In the given sequence of integers, we need to find the longest subsequence of integers of which each element of the subsequence can be divided by the previous with no remainders.

**Solution**

To solve the problem the elements of the array should be sorted by the absolute value (in non-decreasing order). If the array has elements equal to 0, then one of them will be the last element of a sequence, so we can ignore them. Let K(i) denote the maximum number of items that can be located in a certain sequence with the desired property, the last element of which is the i-th element.

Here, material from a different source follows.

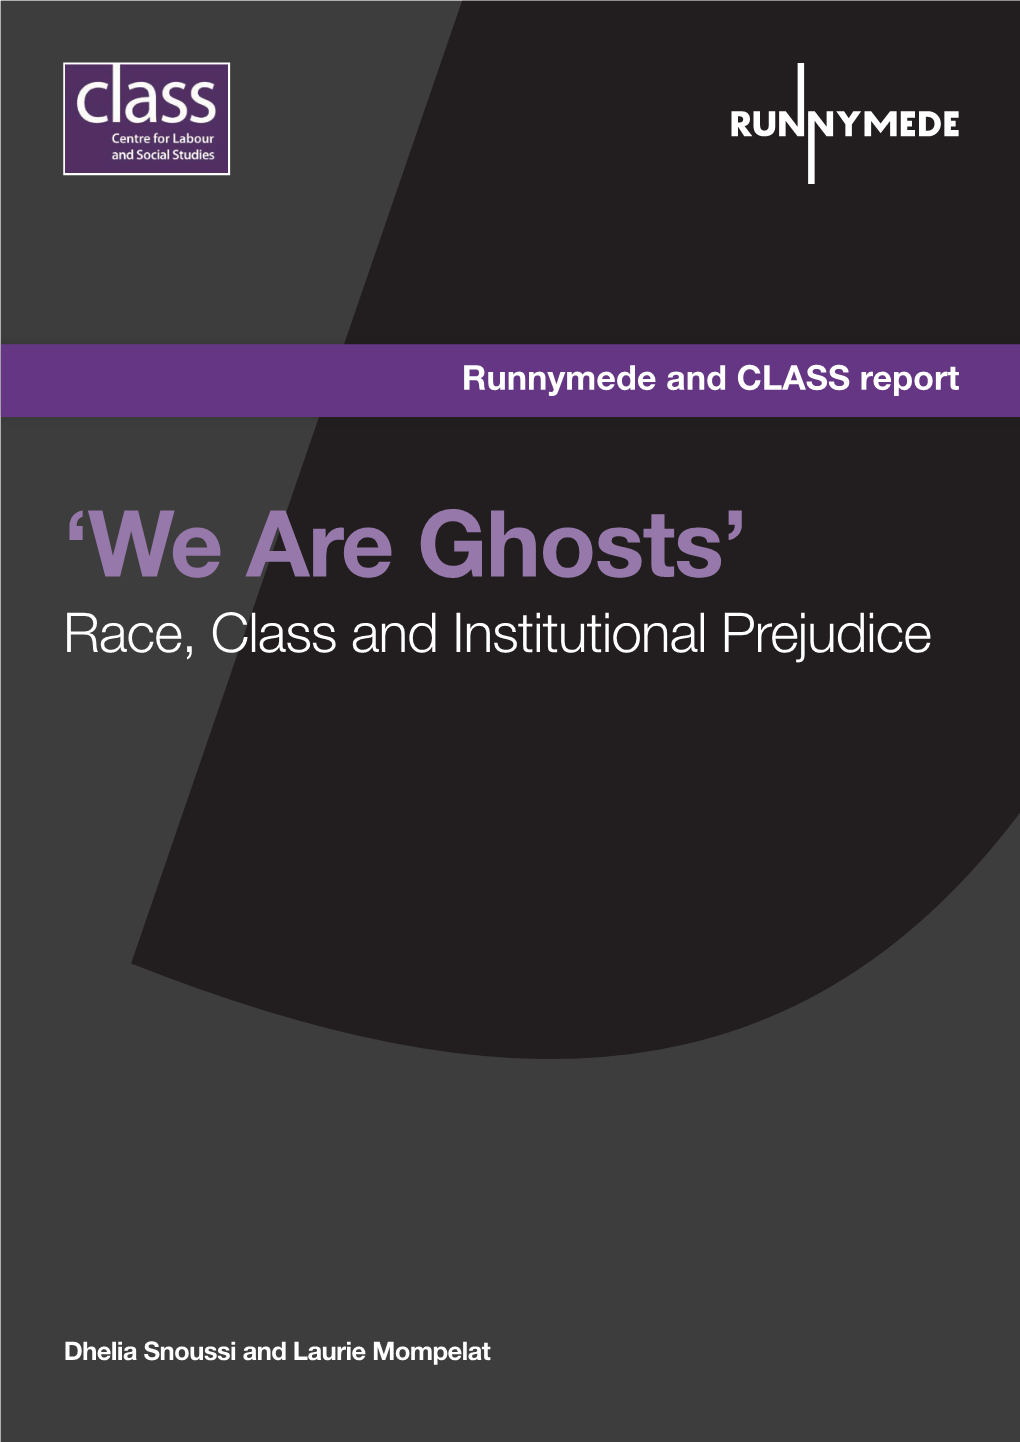 We Are Ghosts’ Race, Class and Institutional Prejudice

Obviously, it is the element with the smallest absolute value, and nothing can’t be preceded by any element, so K(R)=0, where R is the index of the first nonzero element.

We need to determine the maximum number of elements that may precede the given element for each next element with the number j, j=R+1,…,N, taking into account the required properties. It is clear that this number is the maximum value of K(p1), (p2),…, K(pm), where the elements with the numbers p1,p2,…,pm, R<=p1<p2<…<pm<j are divisors of the element with number j. So we have the recurrence formula to compute K(j):

K(j) = max (K(p1) K(p2),…, K(pm)).

The value of K(N) calculated according to the above rule determines the maximum number of items that can be located in a certain sequence with the desired property (excluding a possible zero at the end of the sequence).

In order to find which elements form a maximal sequence, it is sufficient to remember the number of p1,p2,…,pm, which ensures a maximum of the numbers K(p1) K(p2),…, (pm) for each number j. These numbers can be defined during the calculation of the value of K(j) in a certain array, for example, ANCESTOR. Using this information, it is easy to determine the numbers of elements in the sequence, passing from element i with the maximum value of K(i) to the item that precedes (ANCESTOR(i)), until we come to the first element of the sequence f (PARENT(f)=0).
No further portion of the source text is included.